Jaiku experiences downtime tooThis evening, looking at the activity on Twitter, I was fascinated to see how quickly the usual Jaiku crowd had migrated. For those who haven’t noticed, Jaiku was showing a big fat 502 Bad Gateway error for a number of hours before it was replaced by the Jaiku birdie telling us that busted hard drives were to blame for the downtime.

Now, Twitter is notoriously flaky and known for going up and down more than a kid’s see-saw in a busy park in midsummer. Yet, everyone flocked over as the default alternative to Jaiku. If it wasn’t Twitter, it would have been something else. Pownce? Facebook? Seesmic?

In a magpie-like fashion, the web 2.0 crowd will look for the next shiny thing. I know. I’m one of them, and I sure as hell am guilty for chronically creating accounts on every new service, just to promptly ditch it and move on.

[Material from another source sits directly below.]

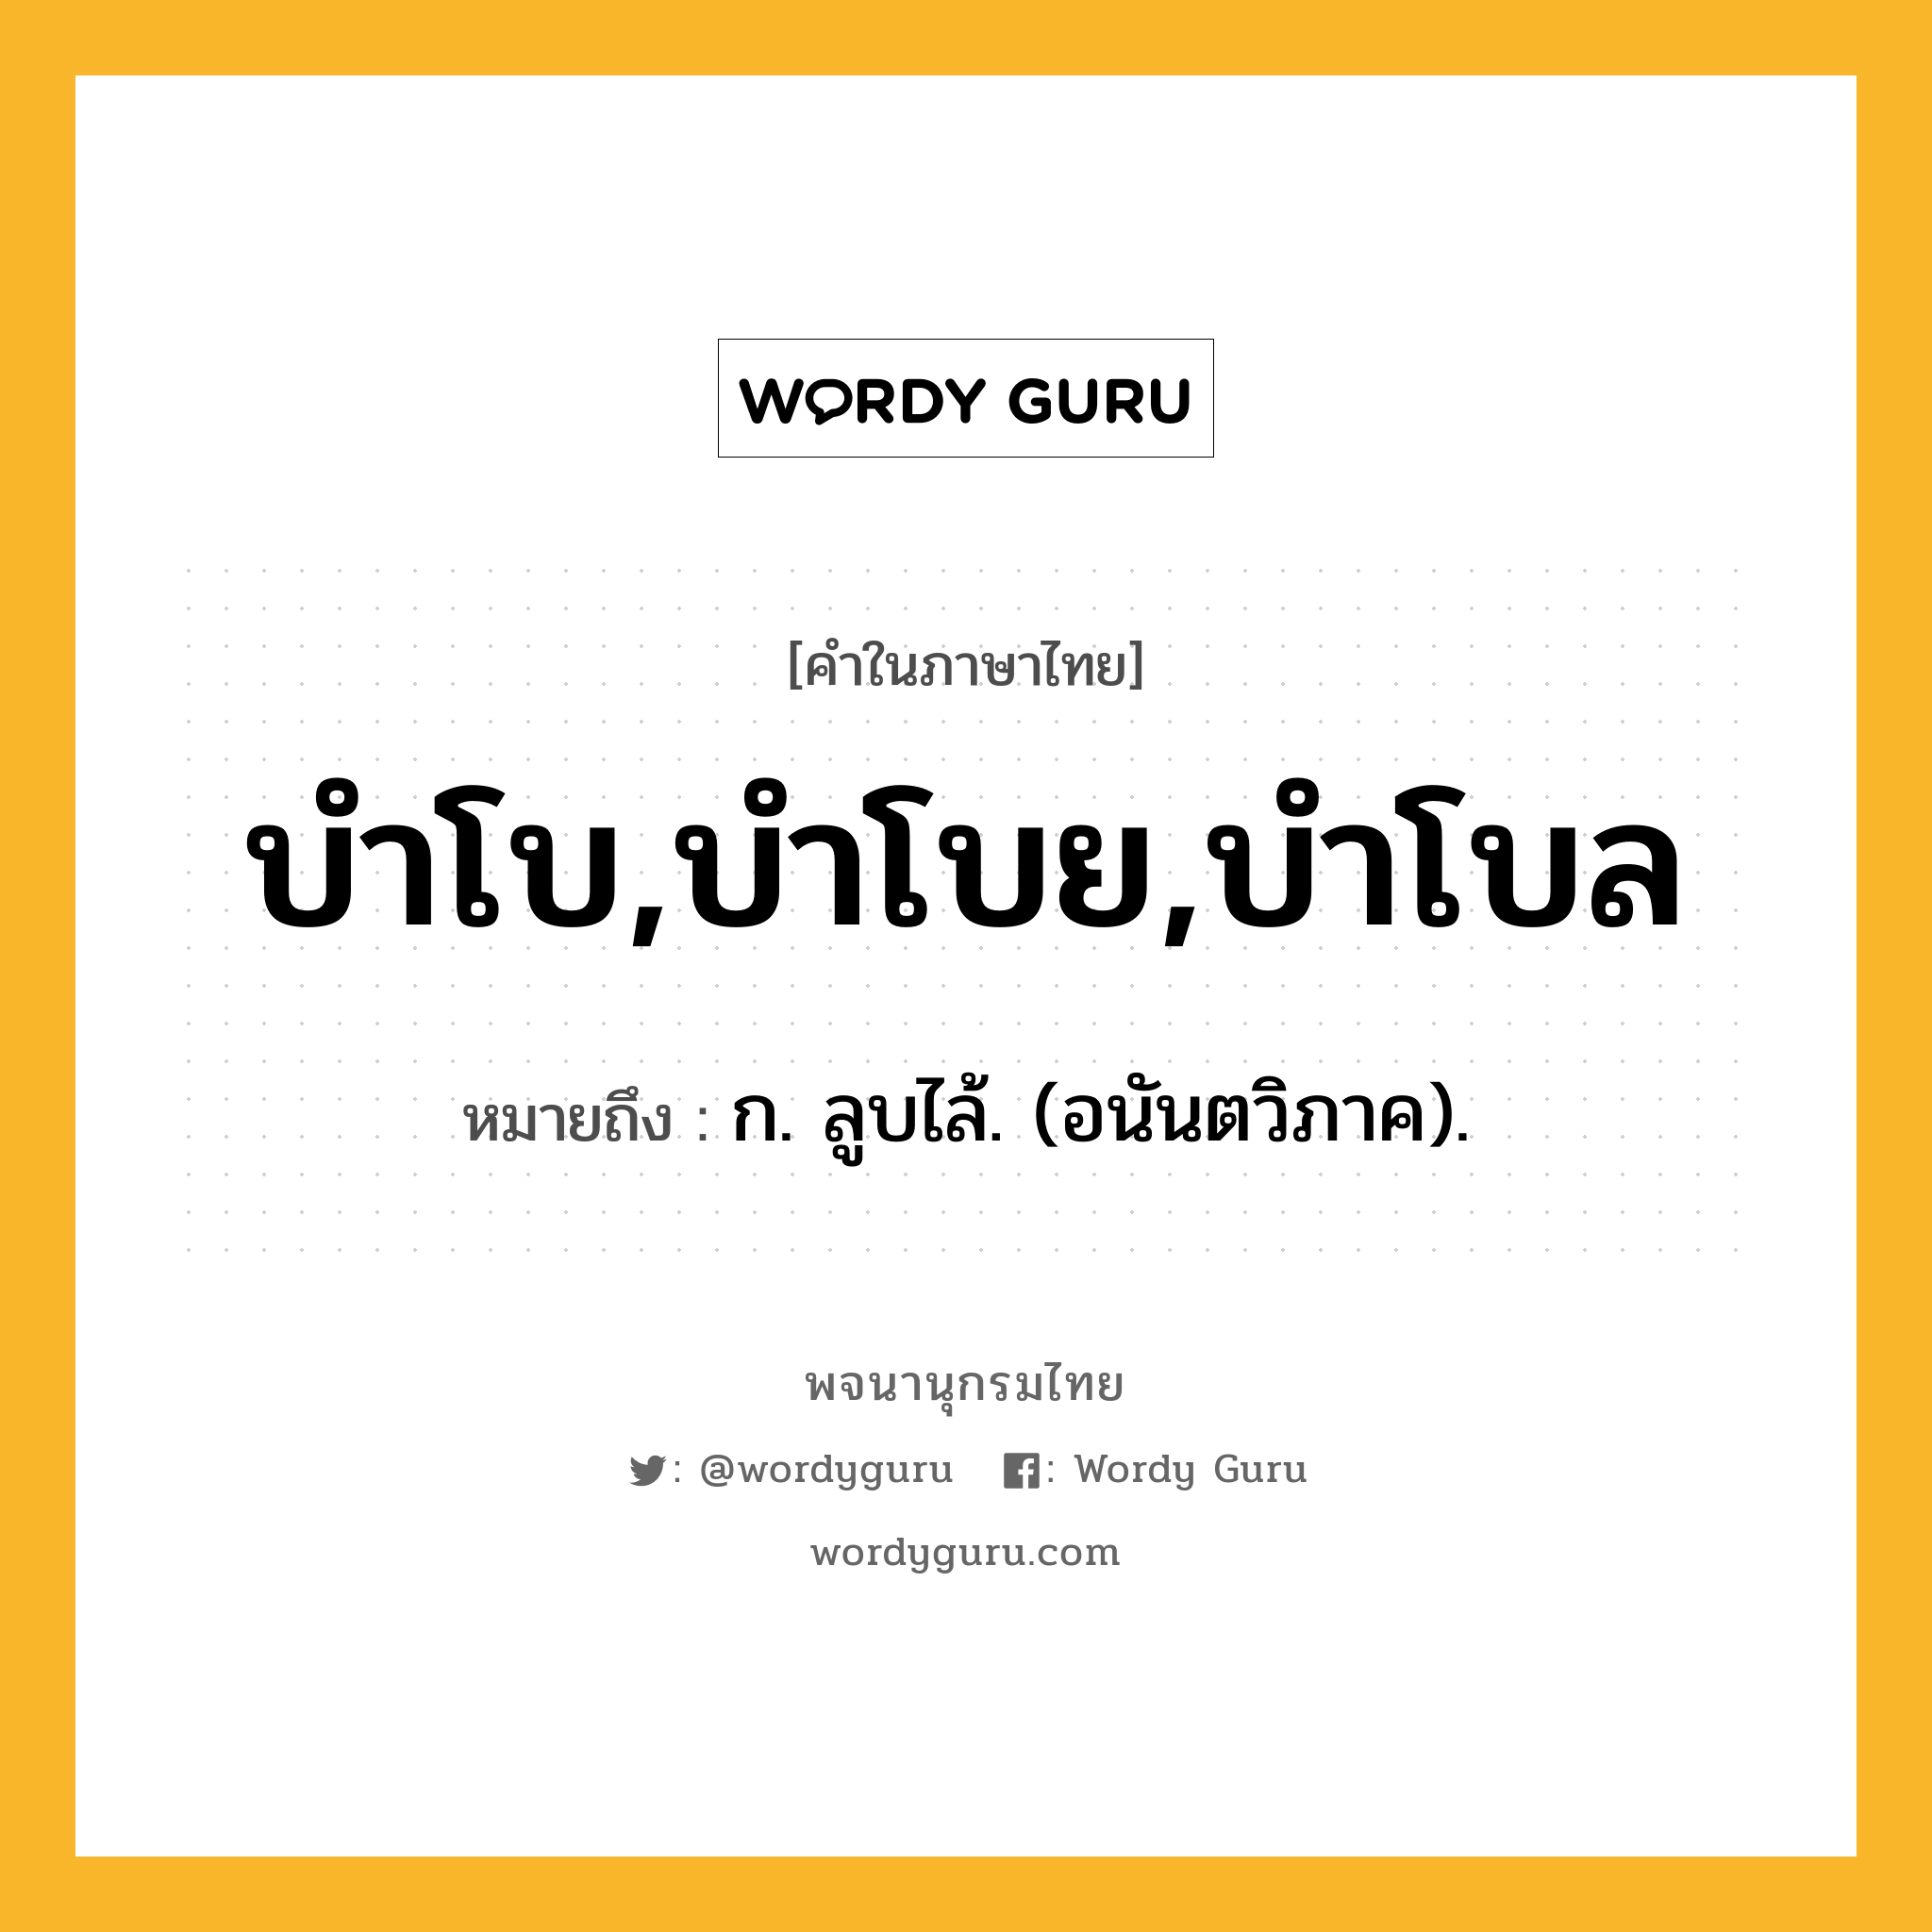 บำโบ,บำโบย,บำโบล ความหมาย หมายถึงอะไร?, คำในภาษาไทย บำโบ,บำโบย,บำโบล หมายถึง ก. ลูบไล้. (อนันตวิภาค).

So what makes a service people come back to? A site that makes it past the 12-18 months “best before” date? Or are all new web 2.0′ish services destined to peak quickly then die just as fast? Lots more thoughts to add on this, but first, I’m interested to see what everyone else thinks.

I’ll leave you on this thought… What if Twitter and Jaiku were down at the same time? Would the world collapse? Or would everyone’s productivity increase by 200%?

For now, I must go tweet about how sick I am of packing boxes. It’s more bearable than it was some years ago but it still bites.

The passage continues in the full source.